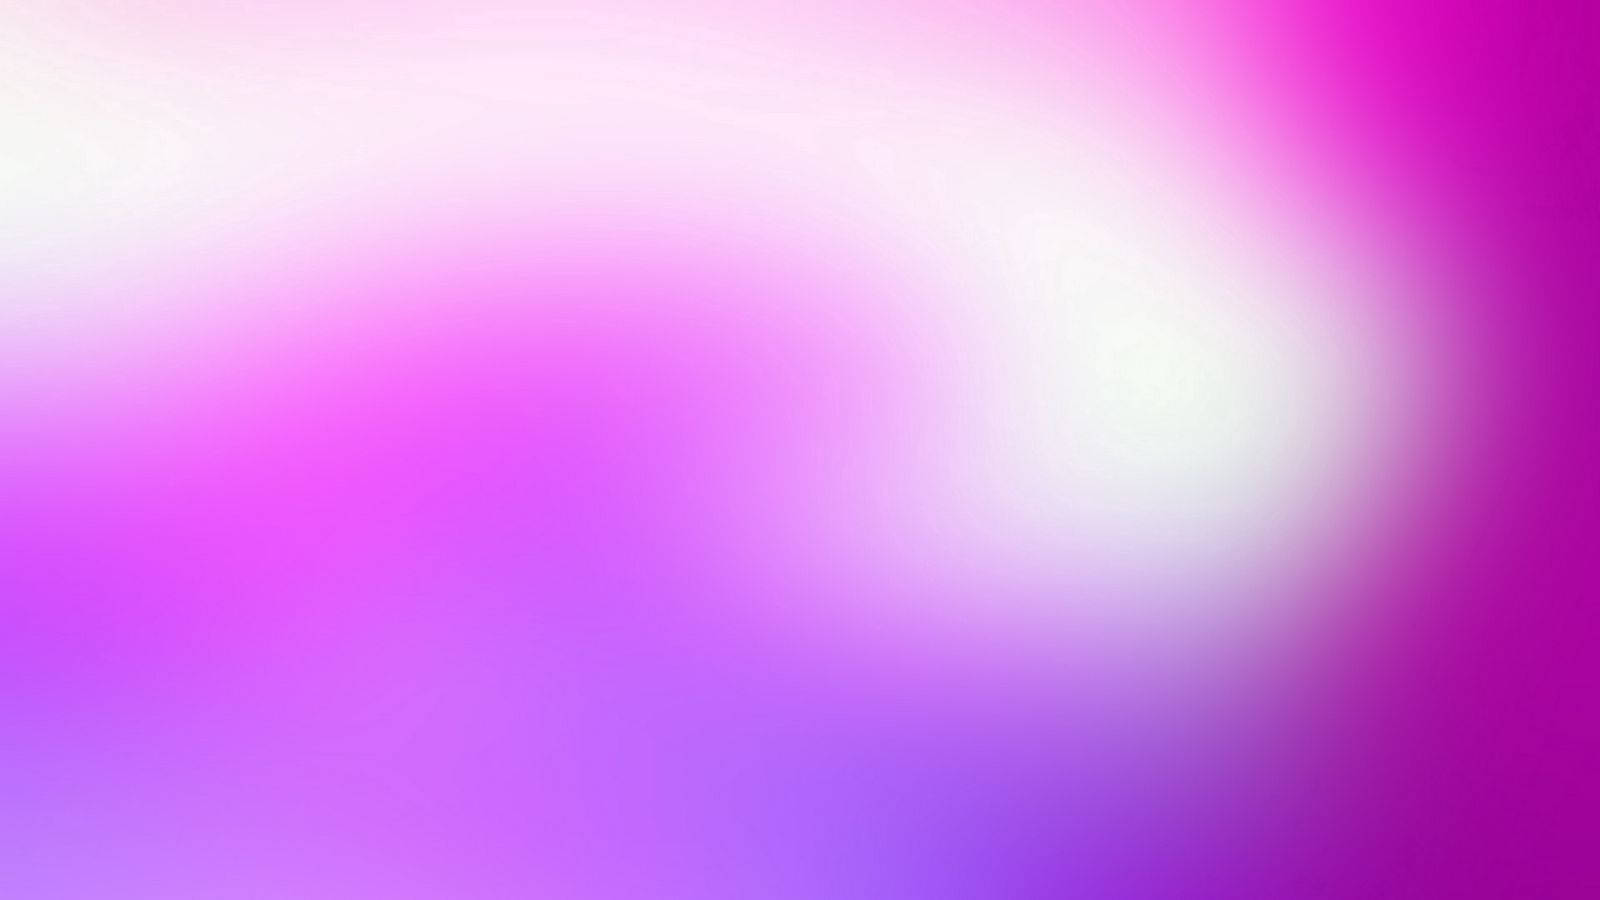 Njutav Kristallklar Bildkvalitet Med Ljus Vit Färg På Dator- Eller Mobilskärmsbakgrund. Wallpaper
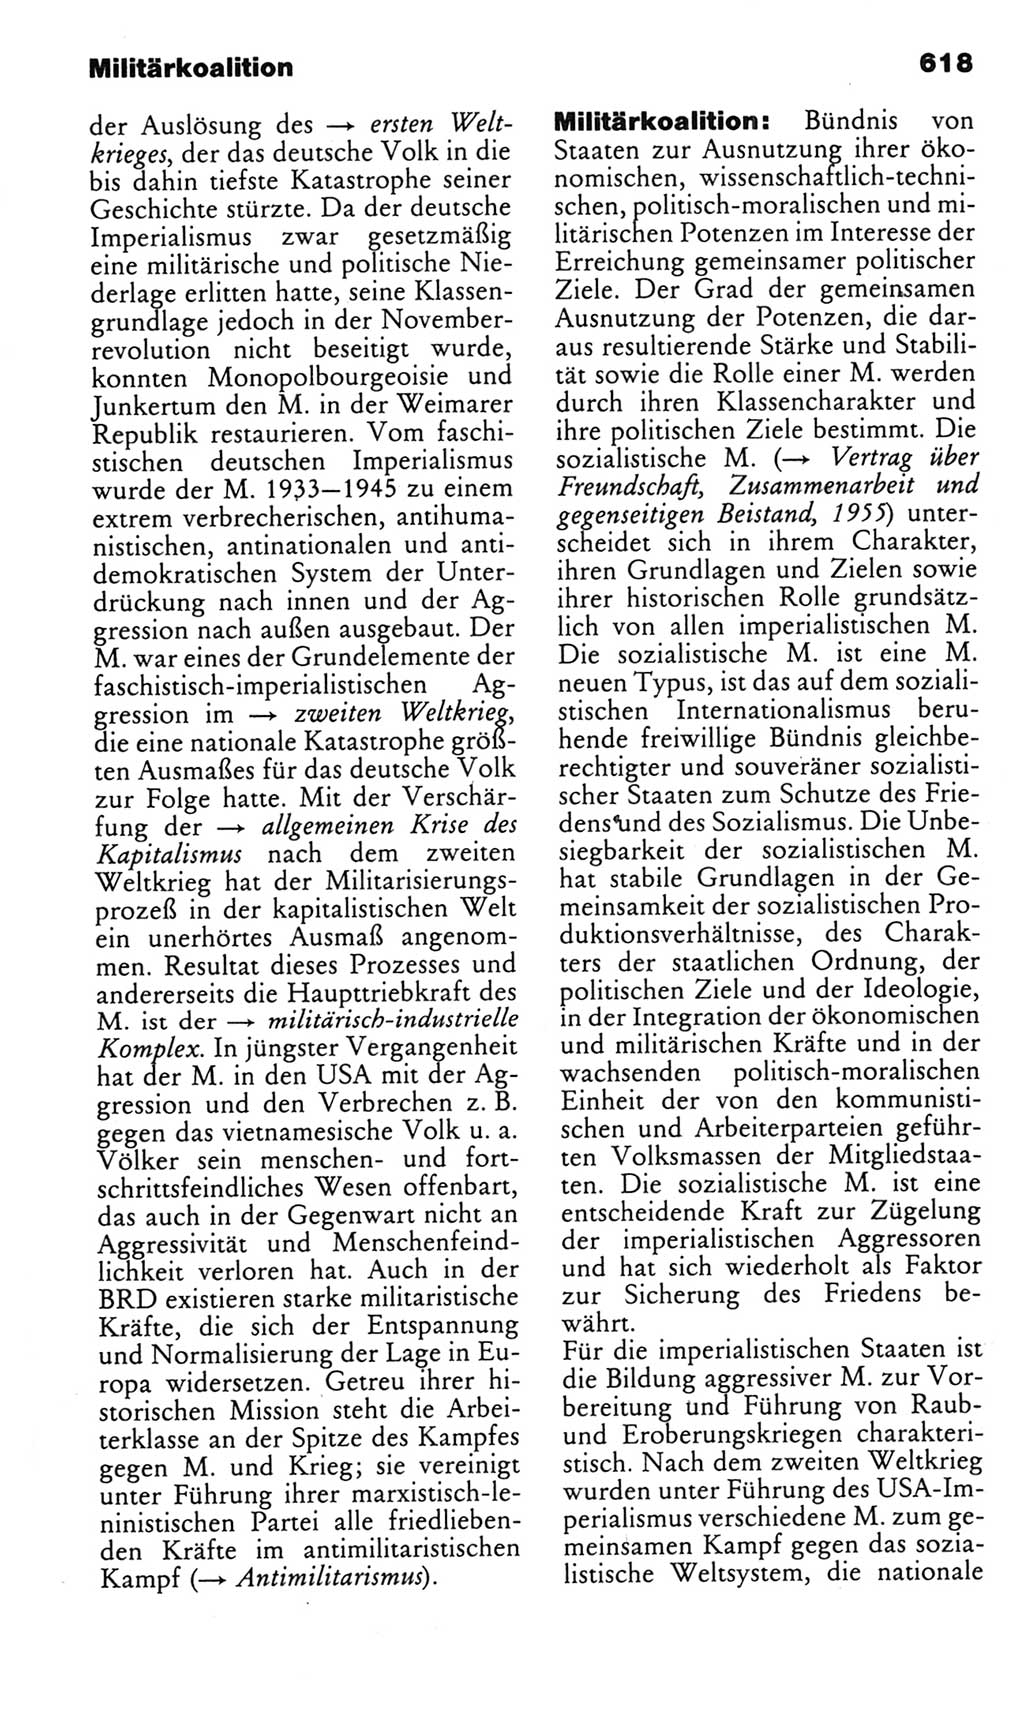 Kleines politisches Wörterbuch [Deutsche Demokratische Republik (DDR)] 1985, Seite 618 (Kl. pol. Wb. DDR 1985, S. 618)
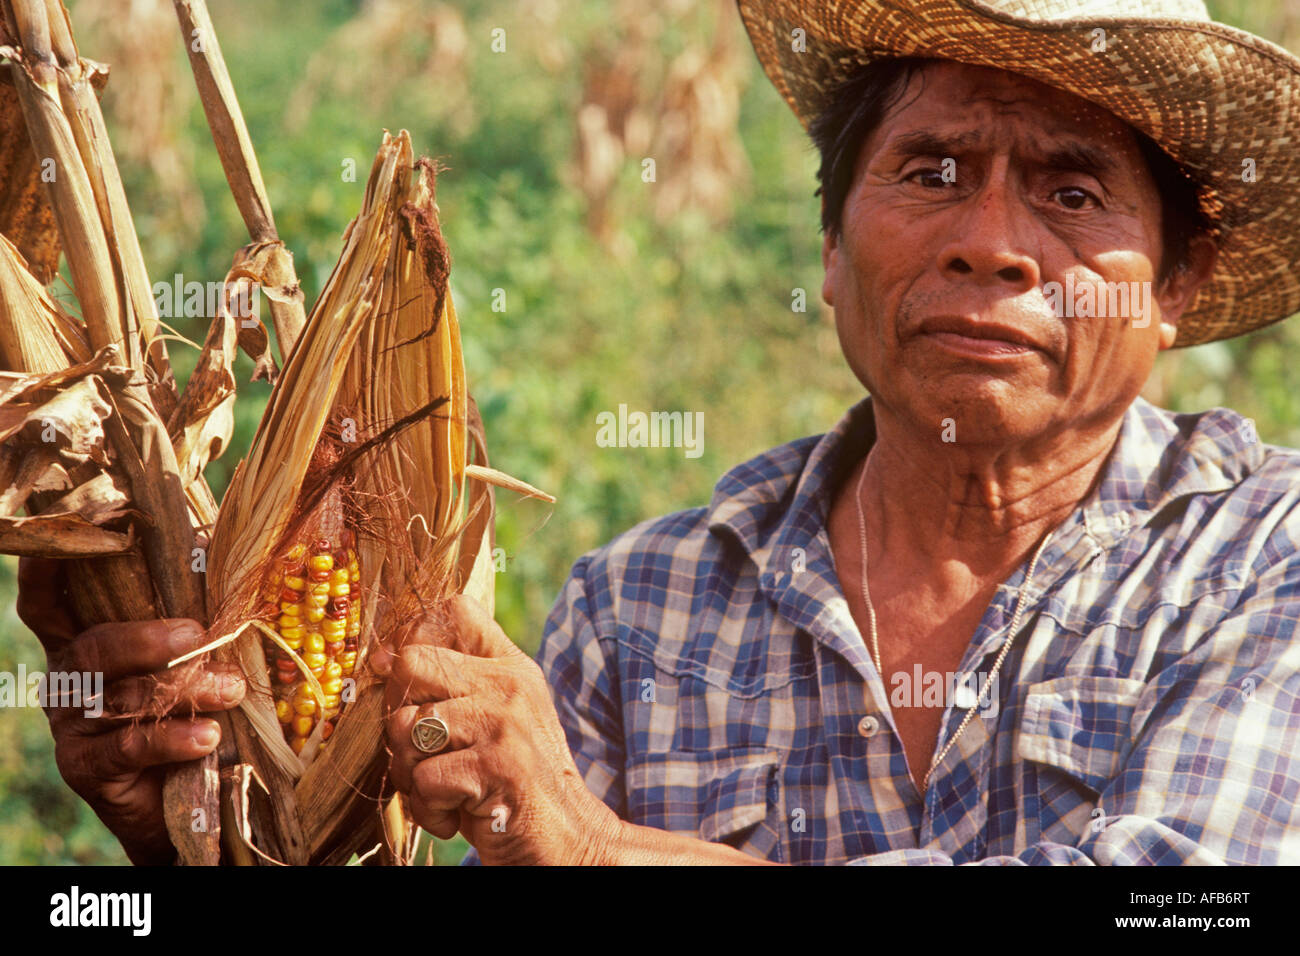 Cueillette d'agriculteurs indiens mayas Leona maïs au Mexique Yucatan Vicaire Banque D'Images

| TASK DETAILS |
Write out, exactly and with no pictures, the lines of the data from the first through the line containing "Kleines politisches Wörterbuch".

| SOLVED PROBLEM |
 Njutav Kristallklar Bildkvalitet Med Ljus Vit Färg På Dator- Eller Mobilskärmsbakgrund. Wallpaper
 Kleines politisches Wörterbuch [Deutsche Demokratische Republik (DDR)] 1985, Seite 618 (Kl. pol. Wb. DDR 1985, S. 618)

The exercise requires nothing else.